Blended finance is not yet happening at anywhere near the necessary scale. A report from Convergence on the state of climate-oriented blended finance notes that flows fell to about $2 billion in 2022, down from $7 billion per year during the prior decade. But several big projects (many pursuing the development of low-carbon hydrogen) were announced in 2022, and global leaders are pushing for development finance institutions to do much more.
So far, most of the private capital in blended finance funds has come from commercial banks that have expertise in lending into complex structures. However, others understand both the need and the opportunity to greatly expand the climate investment landscape. Some asset owners are participating in climate funds such as Climate Investor One and Climate Investor Two, both of which are sponsored by Climate Fund Managers and whose backers include the European Union. Asset owners Temasek and CDPQ are partnering with commercial banks (HSBC and Mitsubishi UFJ Financial Group, respectively) on infrastructure investment programs. And in September 2022, the UN-convened Net-Zero Asset Owner Alliance published recommendations for policymakers on how to scale blended finance.
While climate-oriented blended finance investments are still too scarce and too bespoke, asset owners that are able to participate in their development will benefit as this important new private-market investment category opens up.
Prepare to provide leadership, expertise, and connections, as well as capital. Capital and technological innovation are typically not sufficient inputs to ensure the success of companies that are developing climate solutions or pursuing decarbonization. These companies are also likely to need assistance with other challenges, such as making business-to-business sales of innovative technologies, connecting with the dispersed network of experts it takes to plot a practical path to net zero—or even rethinking how their business works.
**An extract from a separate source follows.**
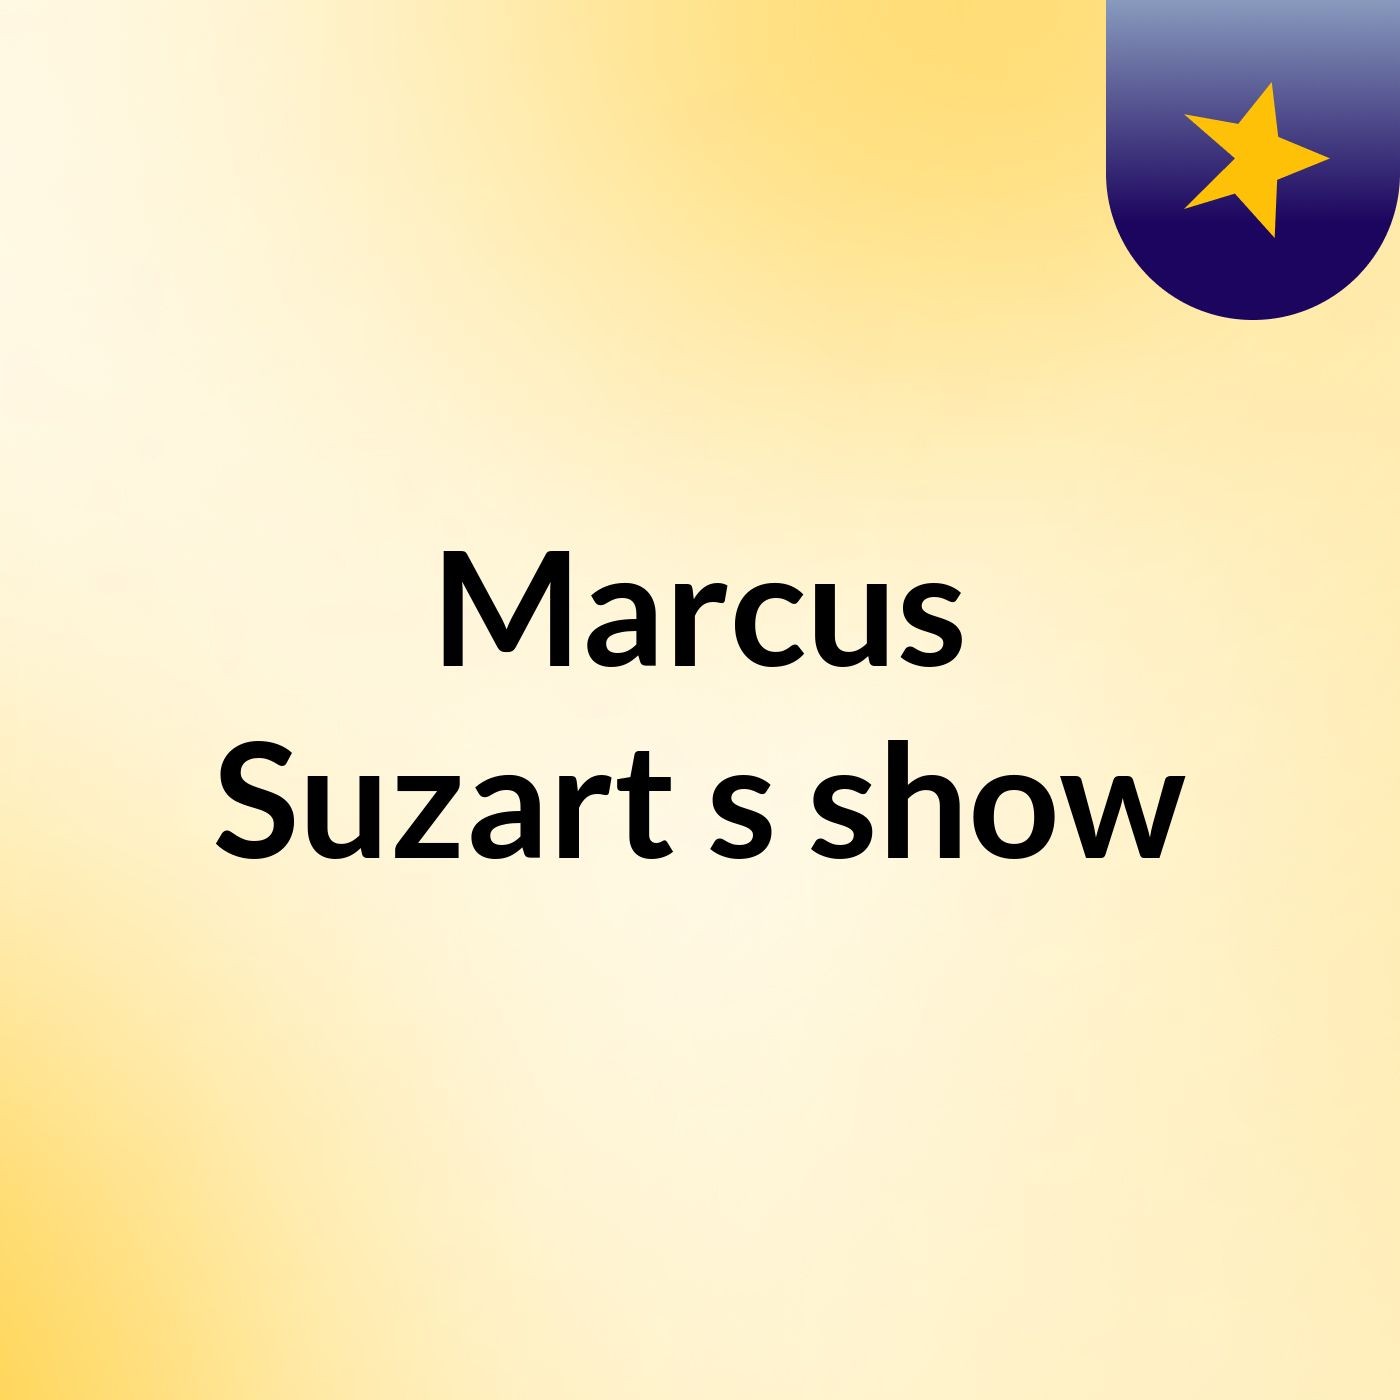 Marcus Suzart's show

For example, to repurpose assets for capturing carbon, a company that operates a midstream gas pipeline will need to change a simple business model that it has relied on for decades.
Lead investors and co-investors must be prepared to increase the level and types of nonfinancial support they can supply. Asset owners should consider companies’ nonfinancial needs when conducting due diligence and develop an understanding of the success factors in climate-focused private-market investments. All parties need to get comfortable with the degree of co-opetition in climate investments and be confident that the companies in their portfolios can take advantage of collaborations, such as the First Movers Coalition (which encourages demand for climate solutions) while still prioritizing the market-level returns that stakeholders need.

The net zero transition requires change and rethinking on the part of all companies, and asset owners are no exception. Indeed, the efforts to build momentum in climate finance can be seen partly as a process of adapting the traditional boundaries of the majority of asset owners to accommodate a new, more dynamic set of financing needs that—especially at this early stage of climate finance’s development—are best accompanied by active, hands-on management.
It’s no accident that many of the asset owners now leading the way in climate finance are also among the most active in private-market investing, the most innovative, and the most likely to take a holistic view of their portfolios as asset classes evolve. Although the majority of asset owners may not be ready to undertake everything that the biggest, best-resourced pension and sovereign wealth funds are doing, they have a chance to make a bigger impact in climate finance. In doing so, asset owners will also be preparing for their own success as the transition to net zero accelerates—as it surely must.